SSRN is the Tortoise, Not the Hare

by Kevin Jon Heller

In April, I ranted about the molasses-like slowness with which SSRN approves new or revised essays. I was assured by an SSRN executive kind enough to reply that the system was going to be improved in the near future — 24 hours for revisions, at most a couple of days for new essays.

Five months have passed, long enough to see if any improvements have been made. My last two revisions each took eight days to be approved. A new essay I recently submitted is now on day five — and counting. And the new essay I posted before that took a week.

I guess conservatives are right after all about paternalistic bureaucracies being inefficient. Consider this an open thread — I would appreciate hearing from our readers about their experiences with SSRN over the past few months.

UPDATE: Less than 90 minutes after I wrote this post, SSRN approved my latest submission. (See above.) A coincidence? Perhaps — but it’s worth pointing out that one of my colleagues posted an essay 24 hours before I posted mine, and he is still waiting for it to be approved…

http://opiniojuris.org/2007/09/19/ssrn-is-the-tortoise-not-the-hare/

2 Responses

  1. How many times did I think about requesting an open thread here. I wuld thing that many here would be interested in hearing news from other parts of the world, specially those that won’t get attention here in the US.

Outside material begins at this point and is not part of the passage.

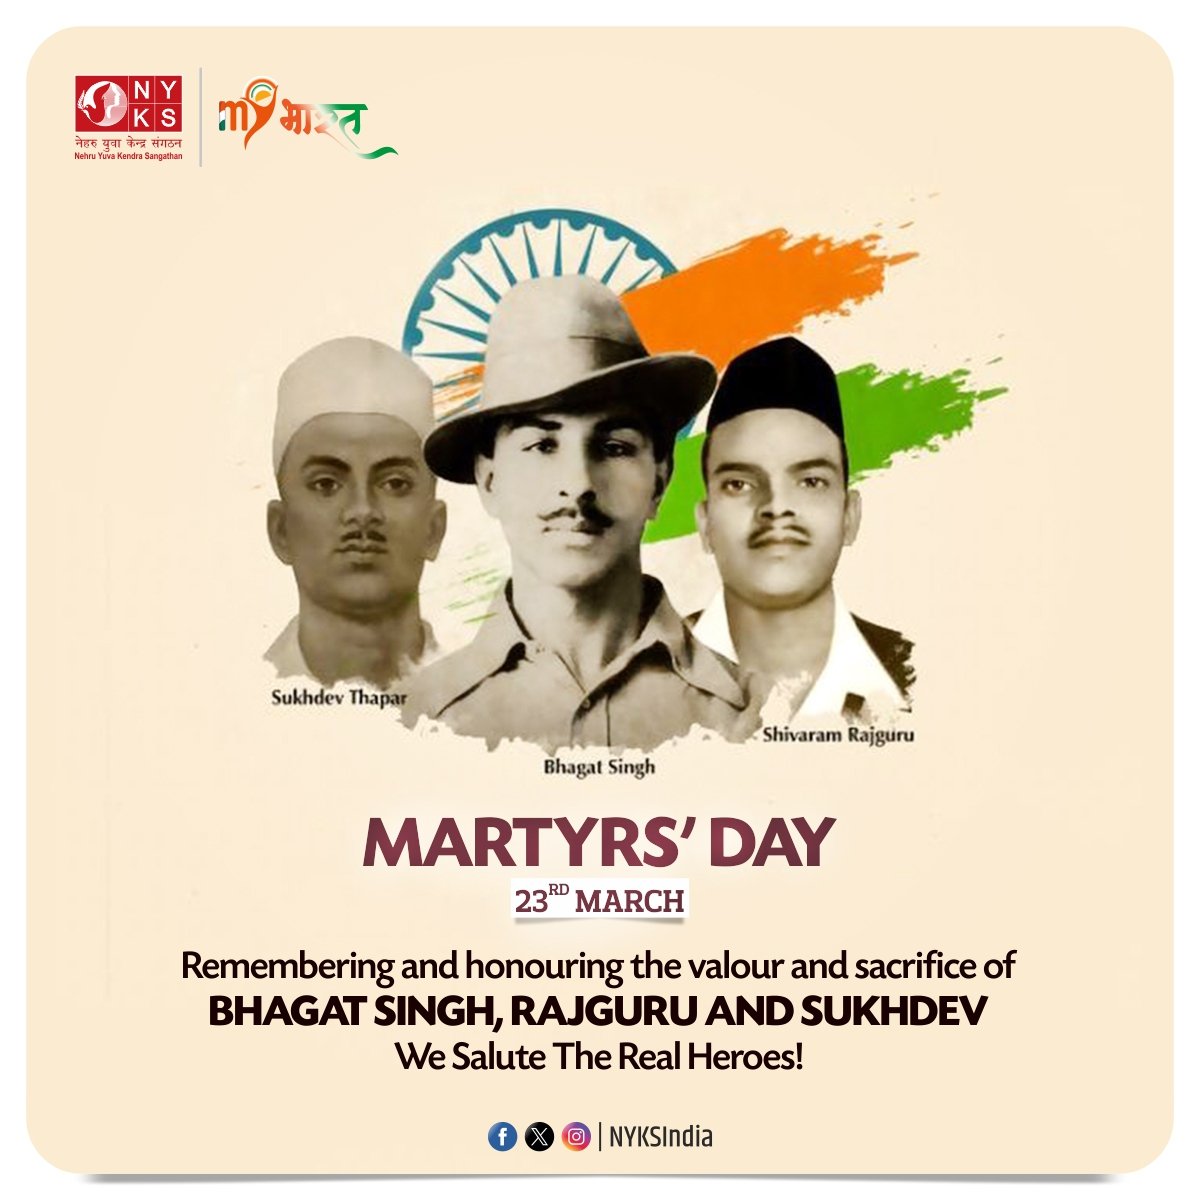 On #ShaheedDiwas, we pay homage to the great revolutionaries of Bharat Maa. Let us never forget the supreme sacrifice of Bhagat Singh, Shivaram Rajguru and Sukhdev Thapar for our nation's freedom. #ShaheedBhagatSingh #Rajguru #Sukhdev #23march #MartyrsDay

  2. In a radio interview,Paraguayan human rights activist and lawyer, Martín Almada (he discovered the “terror files”)said that during the 90′s democratic governments would meet and exchange information regarding “subversives” in at least three opportunities (in 1995 in Bariloche, Argentina, in 97 in Quito, ecuador and in 99 in La Paz Bolivia. Almada made particular mention of former president Carlos menem and Pinochet. This has been refered as Condor II.